Question

A 1.000 L river water sample contains [Ca2+] = 5.6 x 10-3 M, and no other hardness ions. (a) What is the hardness (in ppm CaCO3) of this sample? (b) Assuming the sample is saturated in CaCO3, what is [CO32-] in the sample? (c) Assuming the only other ion present is HCO3-, what is its concentration? (d) Assuming that all the Ca2+(aq) in this sample originally came from CaCO3 dissolution, what mass of CO2 dissolved in this sample, to give it this composition? (Hints: once you have answers to (b) and (c) above, this is simple stoichiometry. What reaction is involved?) Data: F. Mass of CaCO3 = 100.09 g/mol. K sp for CaCO3 = 4.5 x 10-9.

Answer 1

a) Concentration of Ca²⁺ ion = 5.6 x 10-3 M.

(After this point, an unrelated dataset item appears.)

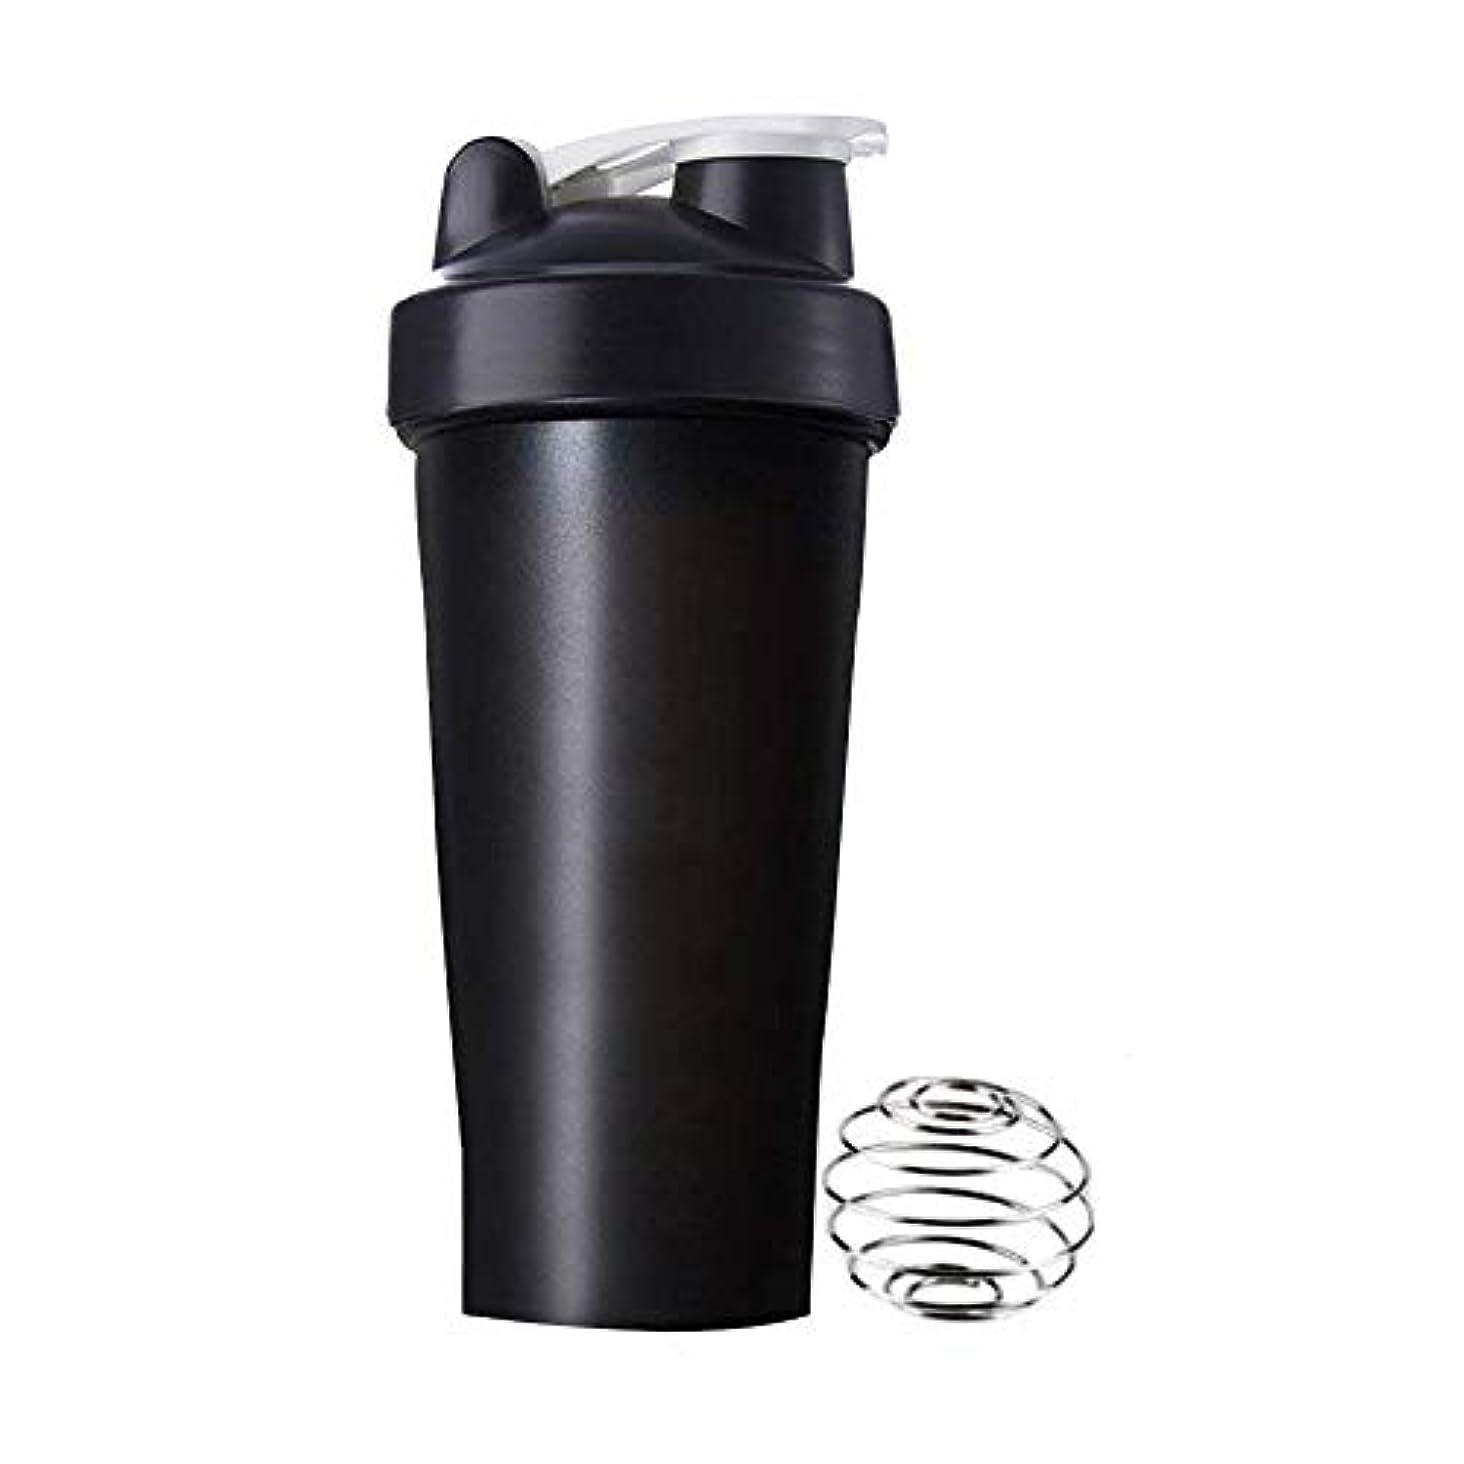 飢えた評論家危険にさらされているgundoop プロテインシェイカー 直飲み プラスチックウォーターボトル ジム シェーカーボトル 600ml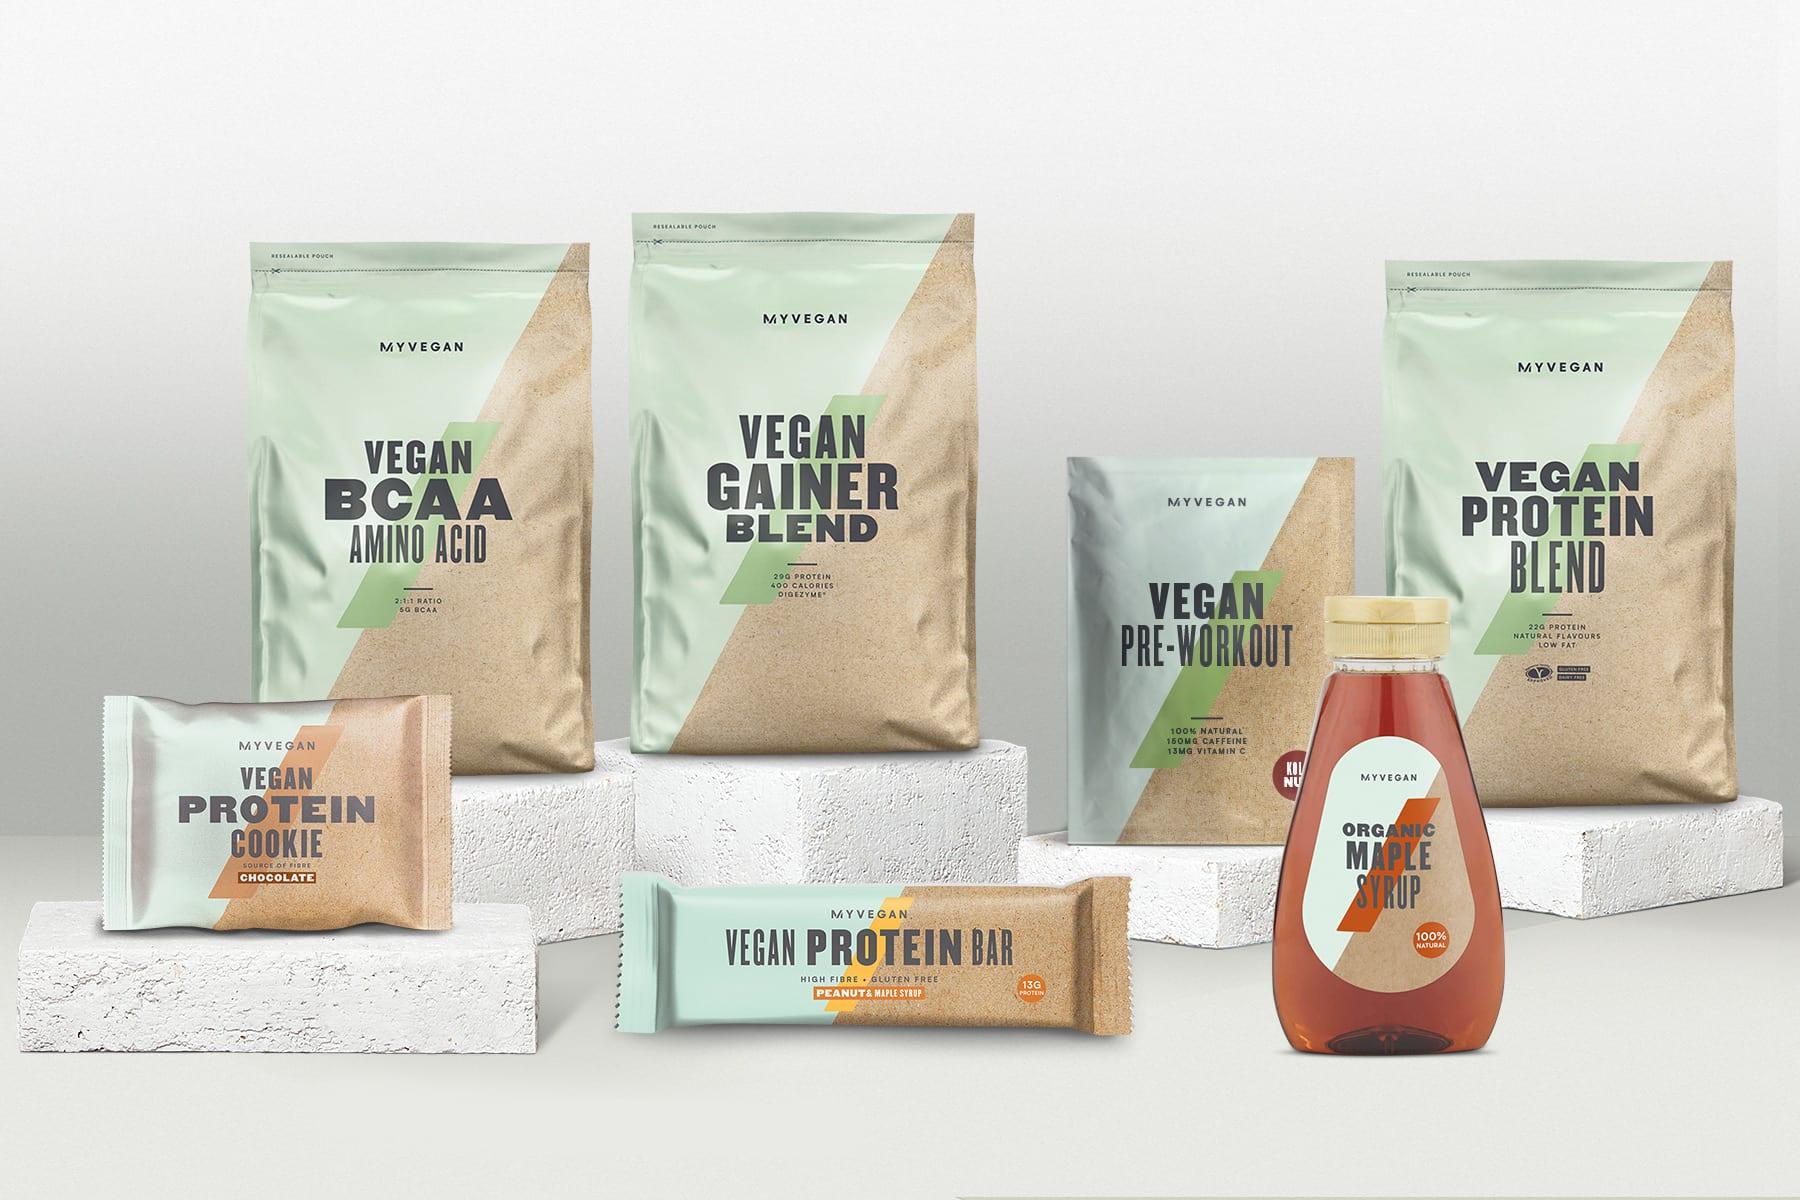 Kiinnostaako vegaaniruokavalio? Tutustu uuteen Myvegan‐tuotevalikoimaan

we know, 1 mol of Ca2+ ion is equivalent to 40.078 g. Thus amonut of Ca2+ ion in 1 litre river water is (40x5.6x10^-3) g or 0.224 g.

Now 40.078 gm water contains 100.09 g of CaCO3. Hence amonut of CaCO3 in the 1litre river water sample is 0.56 g or 560 mg.

Now hardness of water is expressed in terms of amount of CaCO3 present in a water sample. Thus, the hardness is 560 ppm.

b) Solubility product of CaCO3 is 4.5 x 10^-9. Let solubility of CaCO3 is S. The relation between solulibity and solubility product for sparing soluble salt CaCO3 is K_SP = S². Thus the solubility of CaCO3 is S = (K_SP)^1/2 and hence the solubility is found out to be 6.708 x 10^-5 M.

This shows that maximum 6.708 x 10^-5 M of CaCO3 get dissoved and concequently concentration of CO₃^-2 in the solution is 6.708 x 10^-5 M.

c) Given [Ca2+] = 5.6 x 10^-3 M. The concentration of HCO3- in the solution is 2 x 5.6 x 10^-3 M or 1.12 x 10^-3 M.

d) 40.078 gm Ca requires 44 gm of CO2. Hence to get 560 mg Ca2+ ion in solution, the amount of CO2 dissolved in this sample is 614.8 mg.

The reaction involved is CaO + CO2 = CaCO3.